++++ PROVIDED DATA

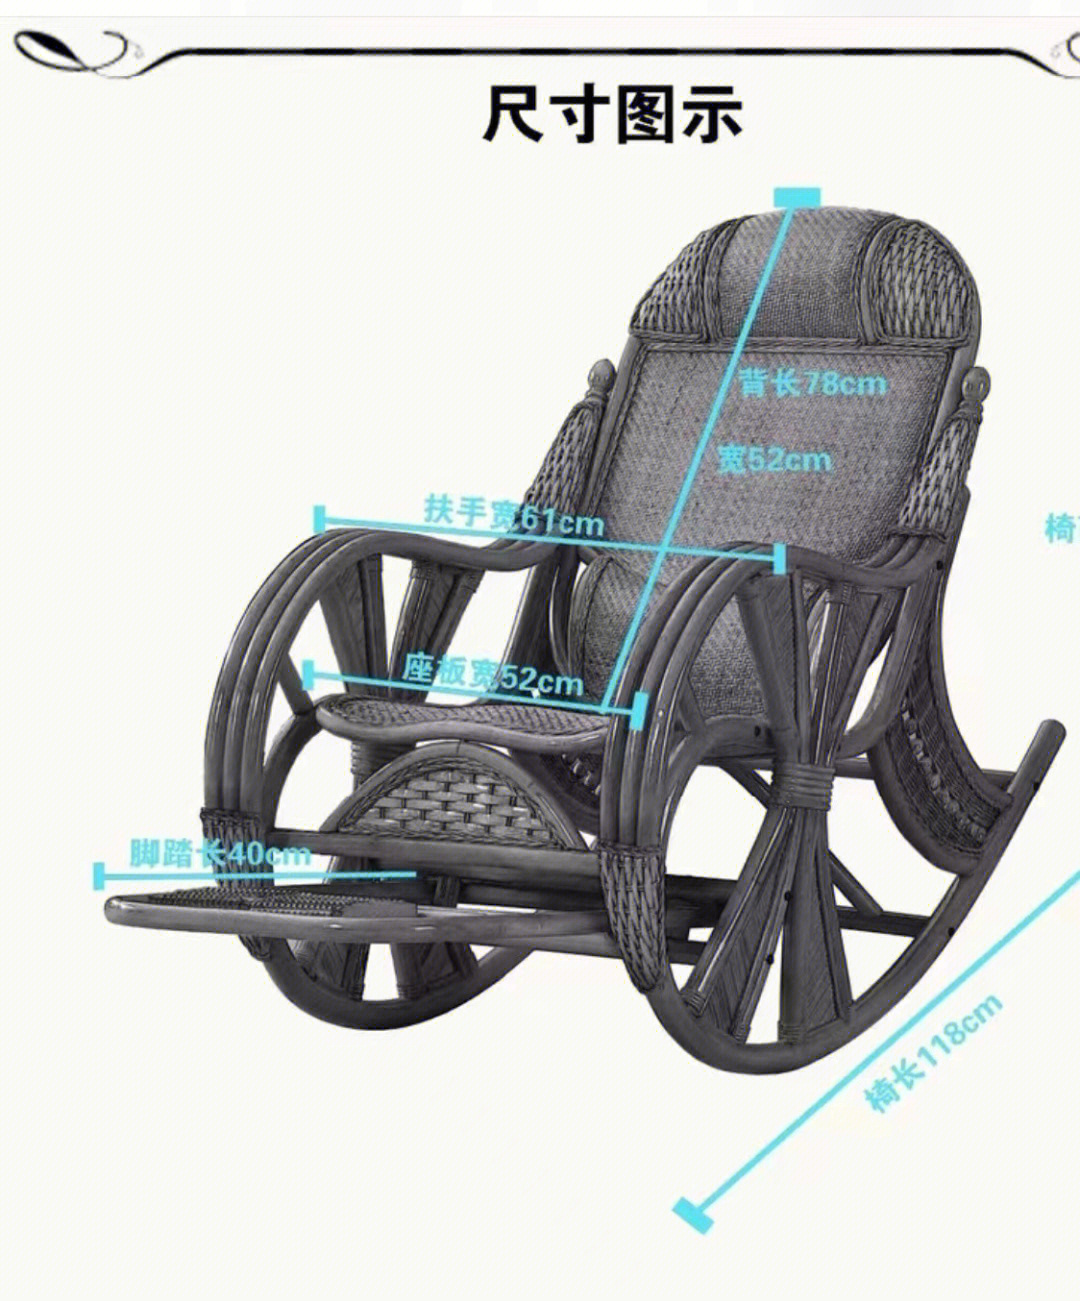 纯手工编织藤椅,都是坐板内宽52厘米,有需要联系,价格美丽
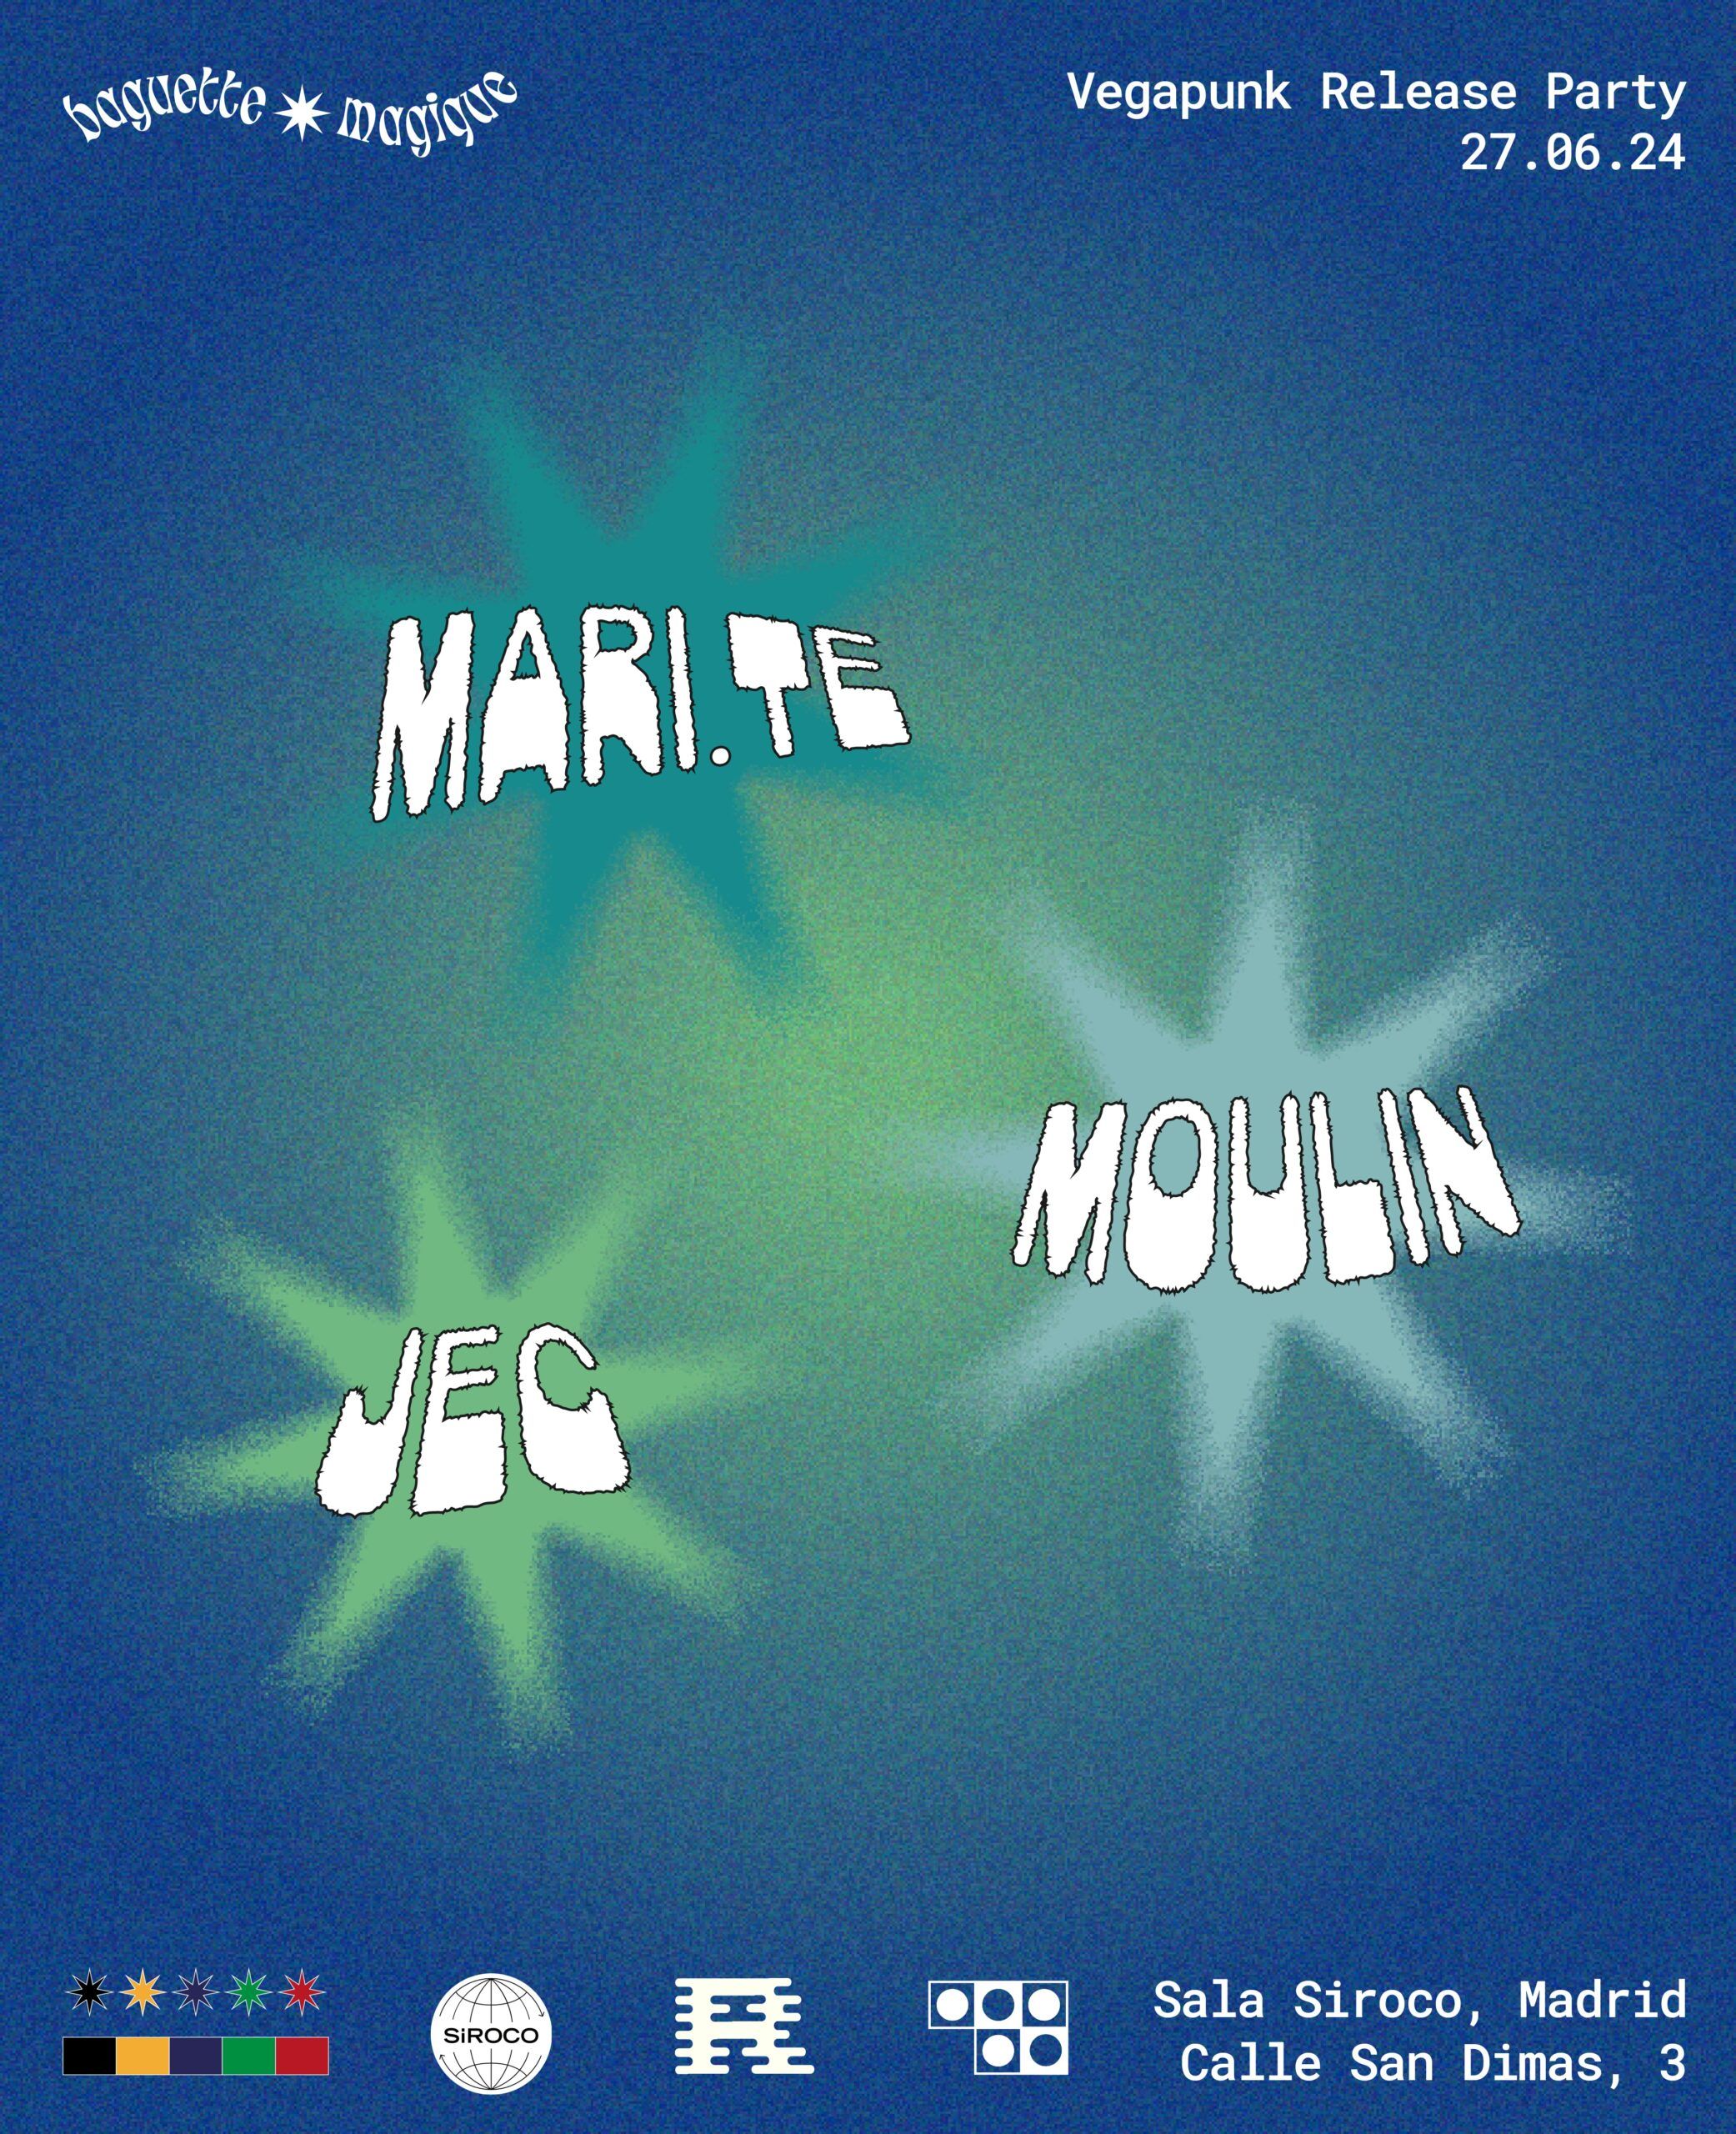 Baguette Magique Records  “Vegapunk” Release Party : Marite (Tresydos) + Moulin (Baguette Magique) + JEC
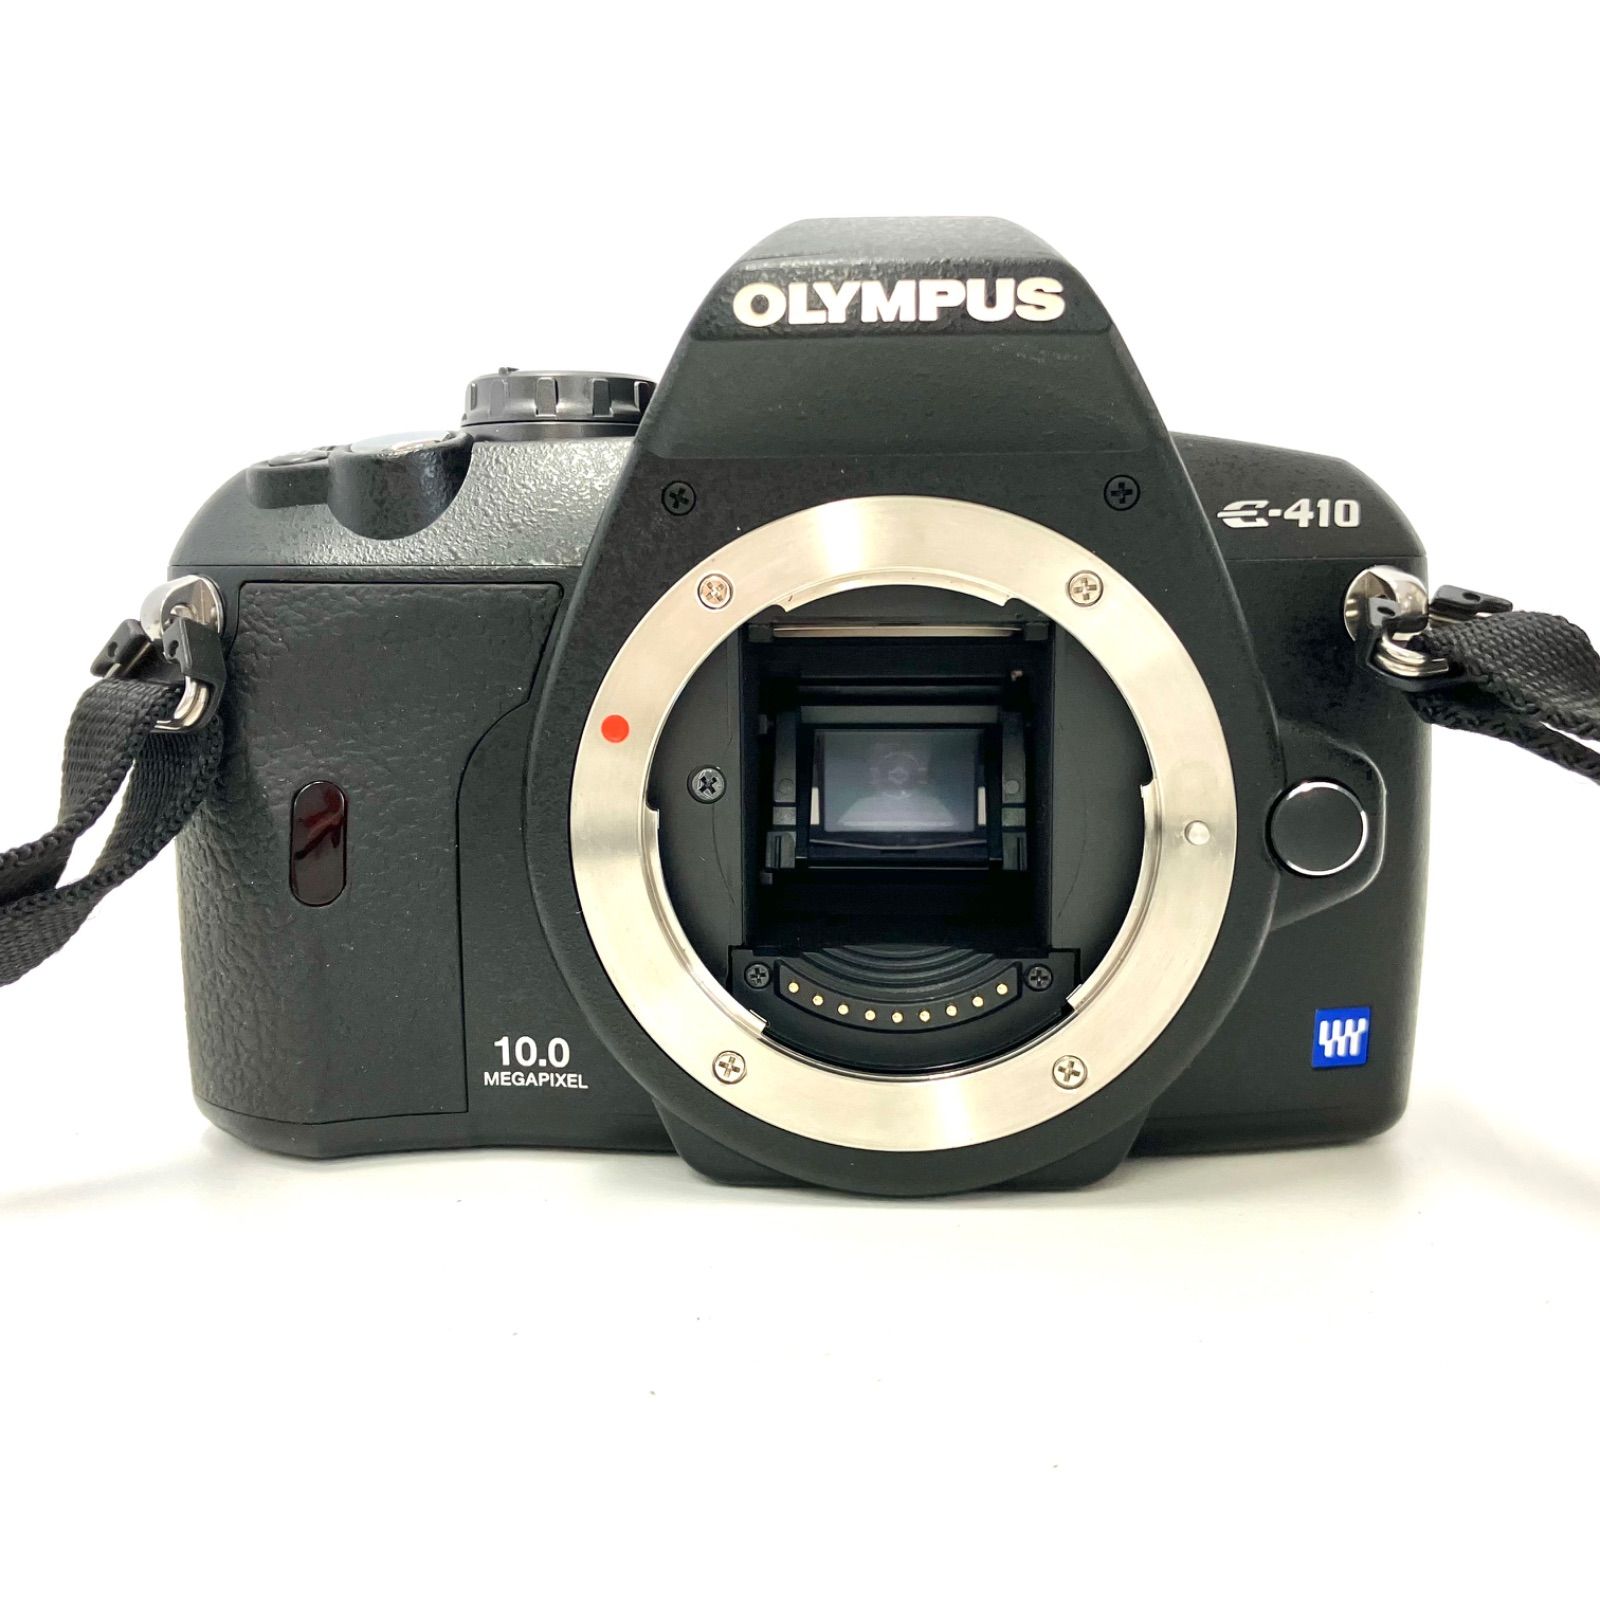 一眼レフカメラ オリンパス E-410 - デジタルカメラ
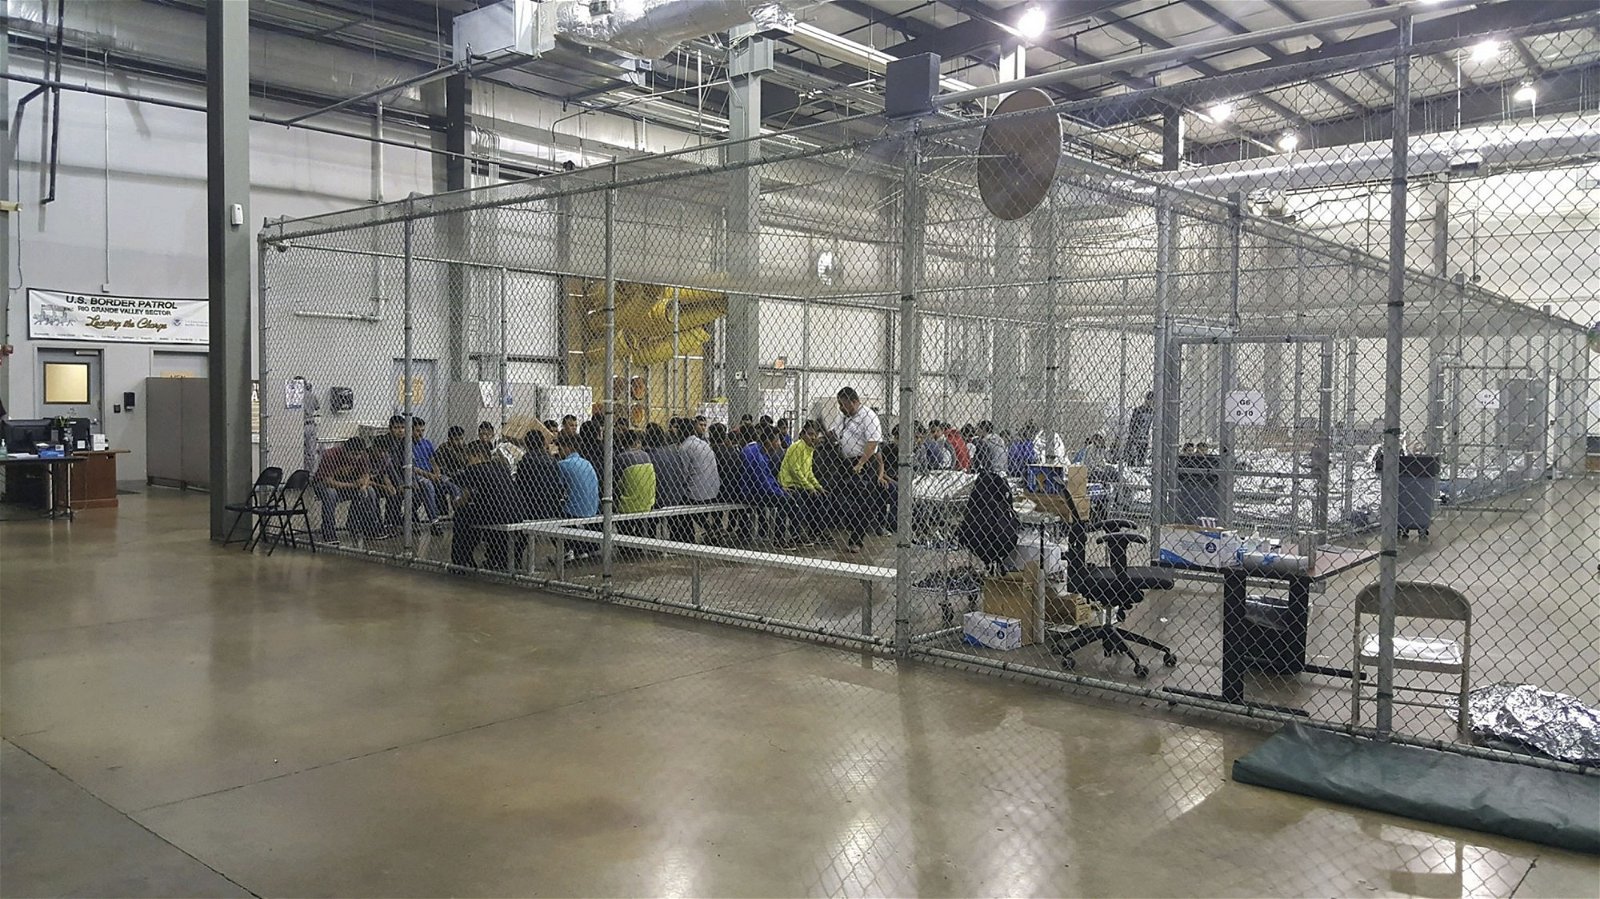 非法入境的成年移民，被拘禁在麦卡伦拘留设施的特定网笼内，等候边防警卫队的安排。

++++++++

**TASK REQUIREMENTS**:
Repeat the material above word for word, please, apart from its images.

**RESPONSE TO THIS TASK**:
 纯手工编织藤椅,都是坐板内宽52厘米,有需要联系,价格美丽
 Baguette Magique Records  “Vegapunk” Release Party : Marite (Tresydos) + Moulin (Baguette Magique) + JEC
 一眼レフカメラ オリンパス E-410 - デジタルカメラ
 非法入境的成年移民，被拘禁在麦卡伦拘留设施的特定网笼内，等候边防警卫队的安排。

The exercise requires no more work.